Striking Out On My Own

I leave for my first solo camping experience.
I leave for my first solo camping experience.

After two nights spent camping with friends, it was time to fledge. We broke camp the morning of August 14 and, as we were in the final stages of leaving, I got my final lesson on camping in water-starved California. A fire broke out just behind our campsite, presumably started by campers that backed up onto the same small gully, and we had to make a run for it. The fire was quickly put out, but it sent a clear warning—the West is a tinder box this year!

Still, armed with burgeoning confidence, The Shroom and I traveled north and hit the first Walmart I could find with a list of forgotten items, such as sun screen, a camp lantern, a knife and much more. Three hours later, after wandering around like a brain-washed cult member throwing God-knows-what into the cart, I realized I was procrastinating and needed to get on with it—my next campground awaited. (Walmart really is a genius devil—I bought things that I never knew existed, but felt I needed for the increasingly bizarre what-if scenarios I kept conjuring up.)

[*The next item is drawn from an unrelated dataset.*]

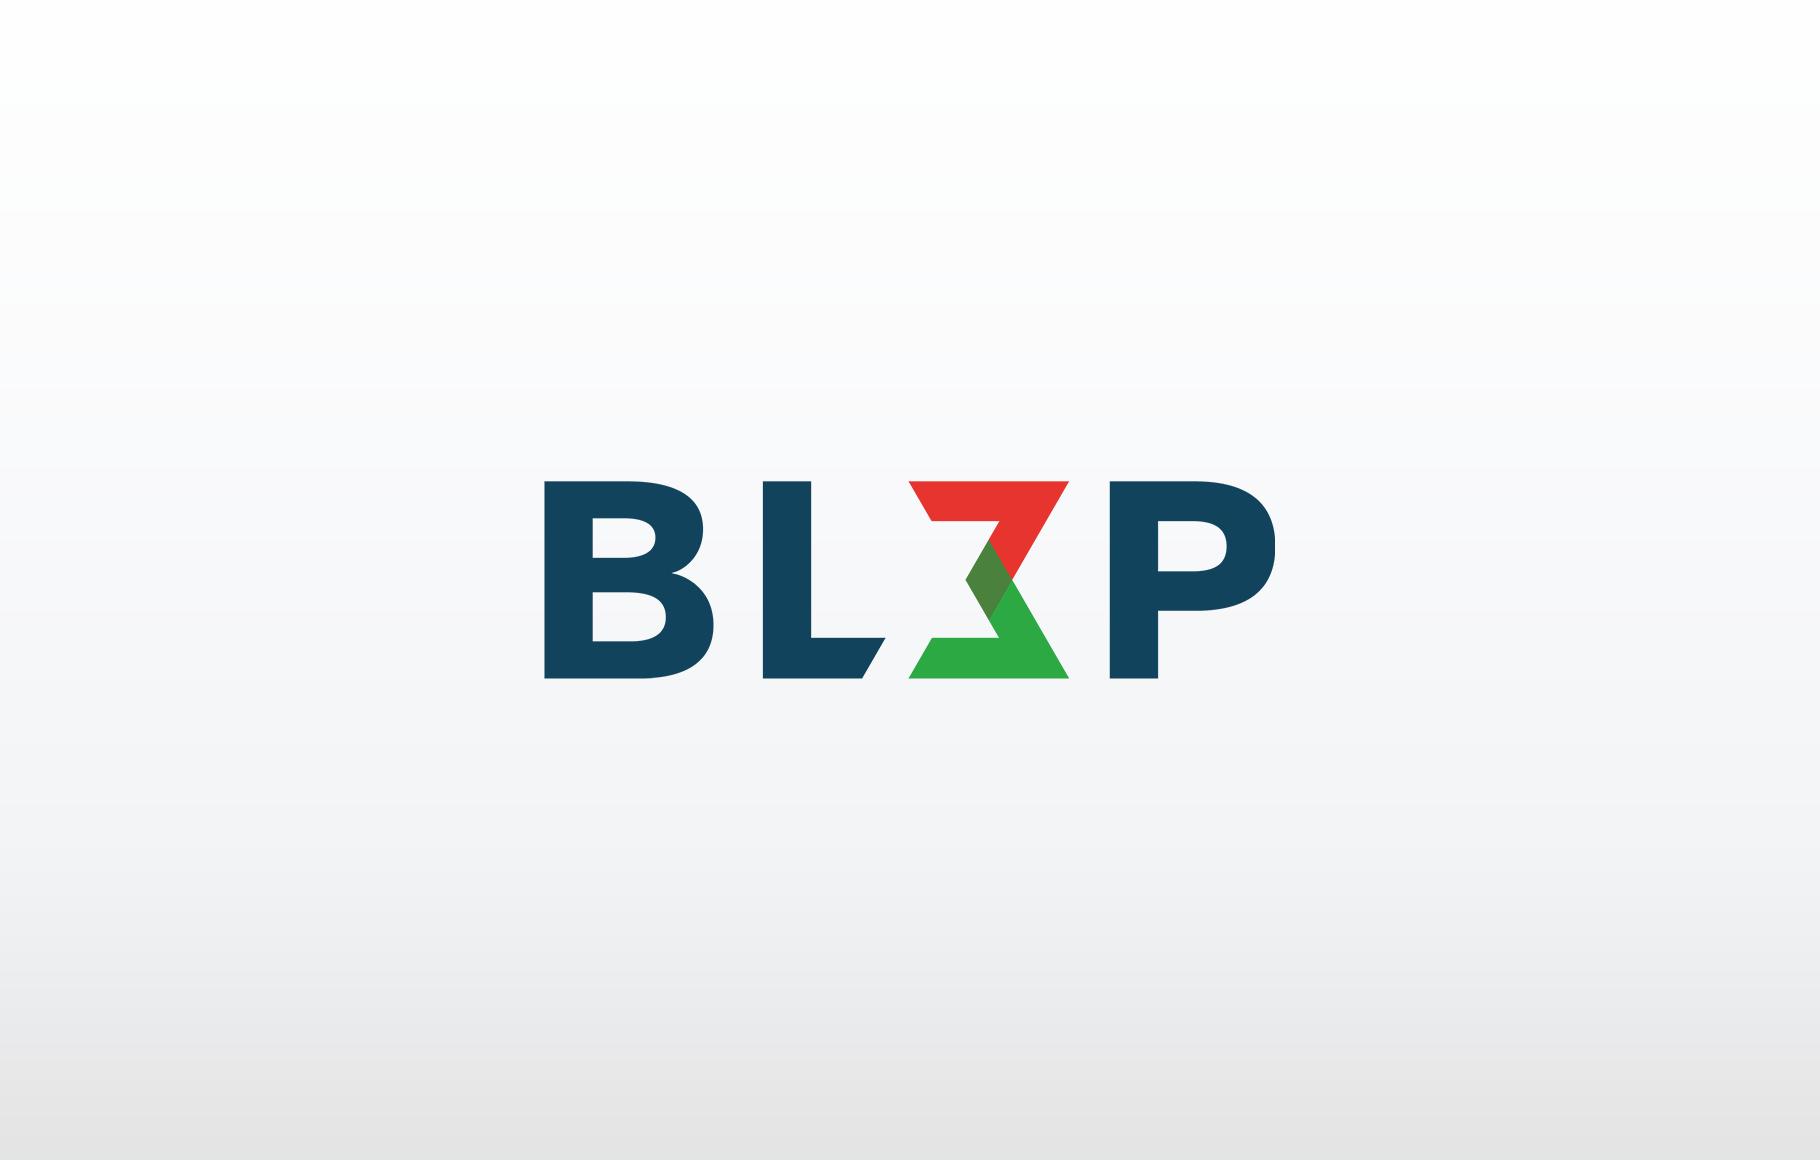 BL3P logo

After an hour’s drive on a beautiful coastline, enticing me to stop at every vista point, yet I couldn’t because I had wasted most of the day in the Devil’s lair, I arrived at San Simeon and excitedly set up camp, putting the mats out, organizing my gear, setting up the chair and table, and generally getting the lay of the land (i.e., finding the nearest bathroom, the nearest water source, and sizing up the neighbors). When it was all laid out perfectly, I smugly sat down to appreciate my work. Five minutes later, I thought, “Now what?” So, I grabbed my shoes and went for a hike. By the time I made it back to camp, I was hungry and it was dinnertime. So, I checked out my supplies, which would have made a survivalist proud, and opted for a quesadilla. Twenty minutes later I was having a proper meal, made by me, in a van. There are just so many things to marvel at here: a) I don’t cook. Or, I don’t like to cook; b) I used propane without blowing anything up; and c) Did I mention that I did this with a van?

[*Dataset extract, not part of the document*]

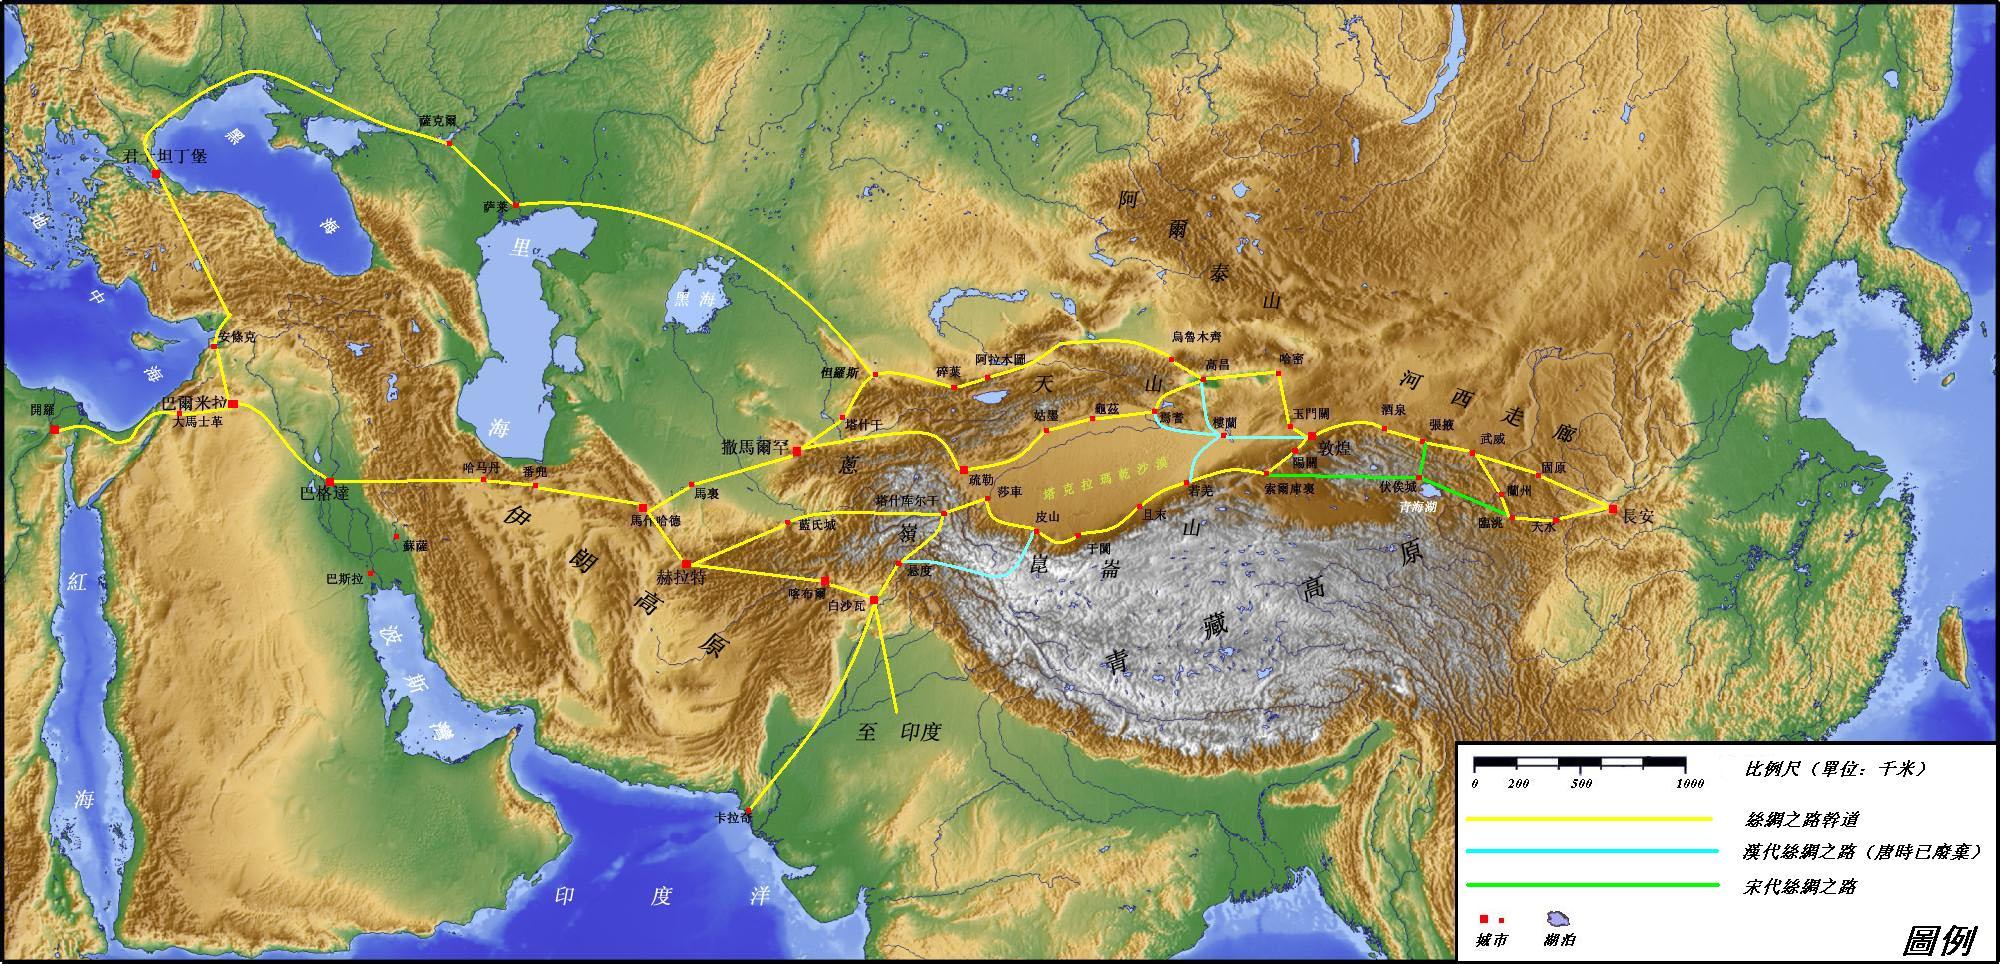 丝绸之路(古代交通路线);

As the sun dropped, I set about putting together the sleeping area inside the van, which entails several maneuvers that have to be done in a certain order, or one risks taking everything apart again. For example, once the bed is put together, you can’t get to your clothes, so changing into your sleepwear before you put the bed together is crucial, and maybe someday I will get that.

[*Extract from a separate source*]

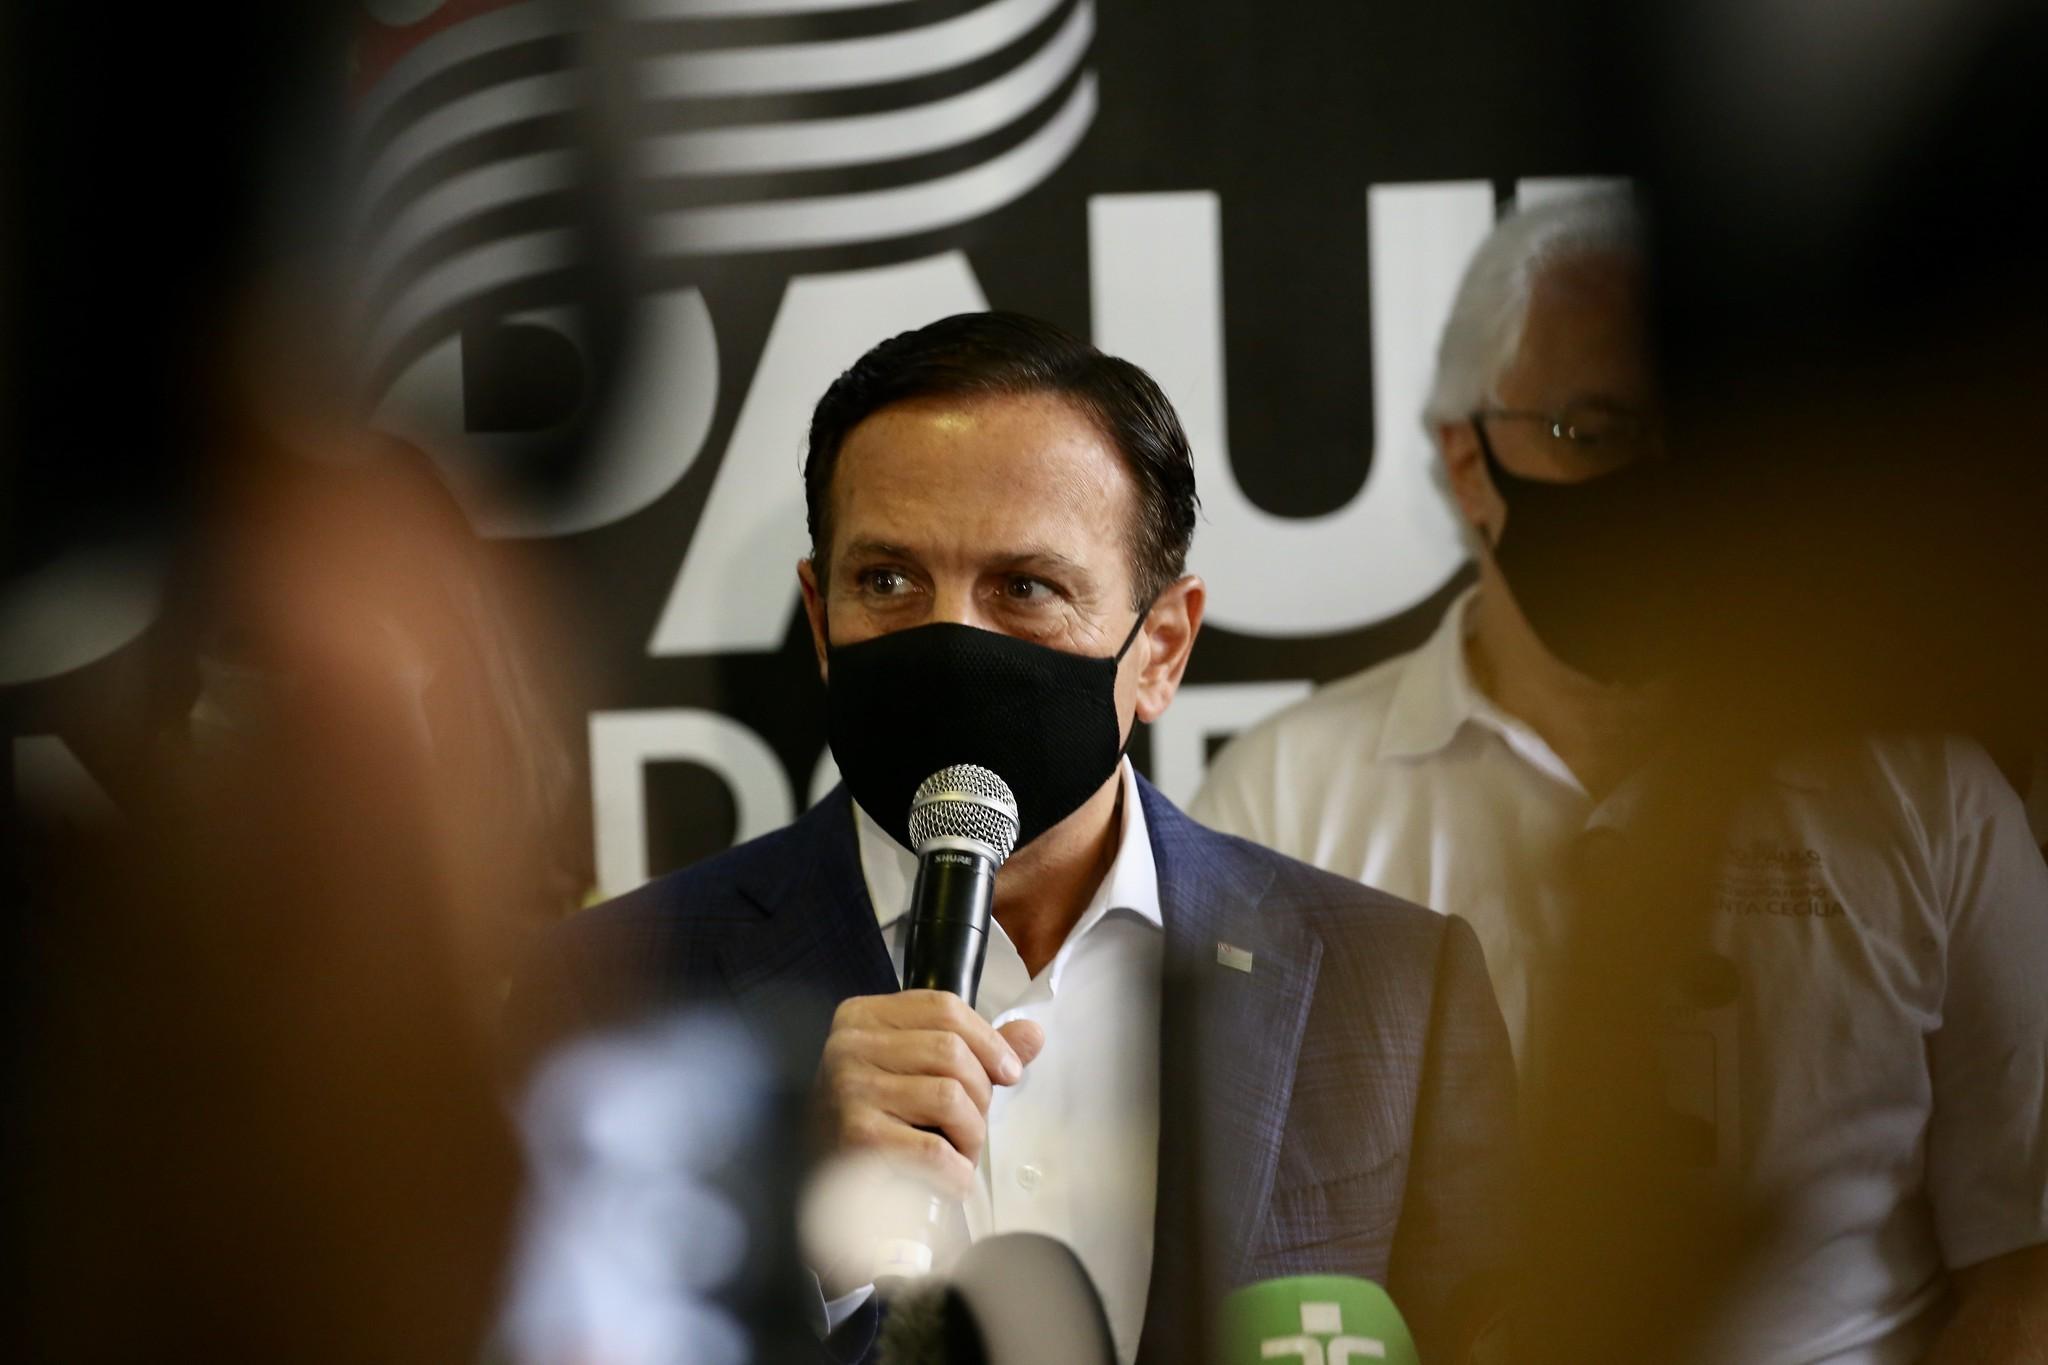 Pandemia em SP está 'sob relativo controle' e quarentena retomará regionalização, diz Doria

The next evening, after a wonderful day hiking the coast, I was figuring out what to prepare for dinner when a man my age came over and said, “I just have to see inside this thing.” So I gave him a tour of The Shroom and he was impressed. After he left, his girlfriend came over and invited me over for drinks. Hurray—my first camp invite and all because of The Shroom! So there I sat, in someone else’s RV, listening to stories about what lay ahead, as they were on an opposite trajectory.

When I got back to my camp, I hurriedly made myself a quesadilla, roasted up a s’more (okay, maybe two) over some illegally-gotten wood, and went to bed. This camping thing was going to be all right.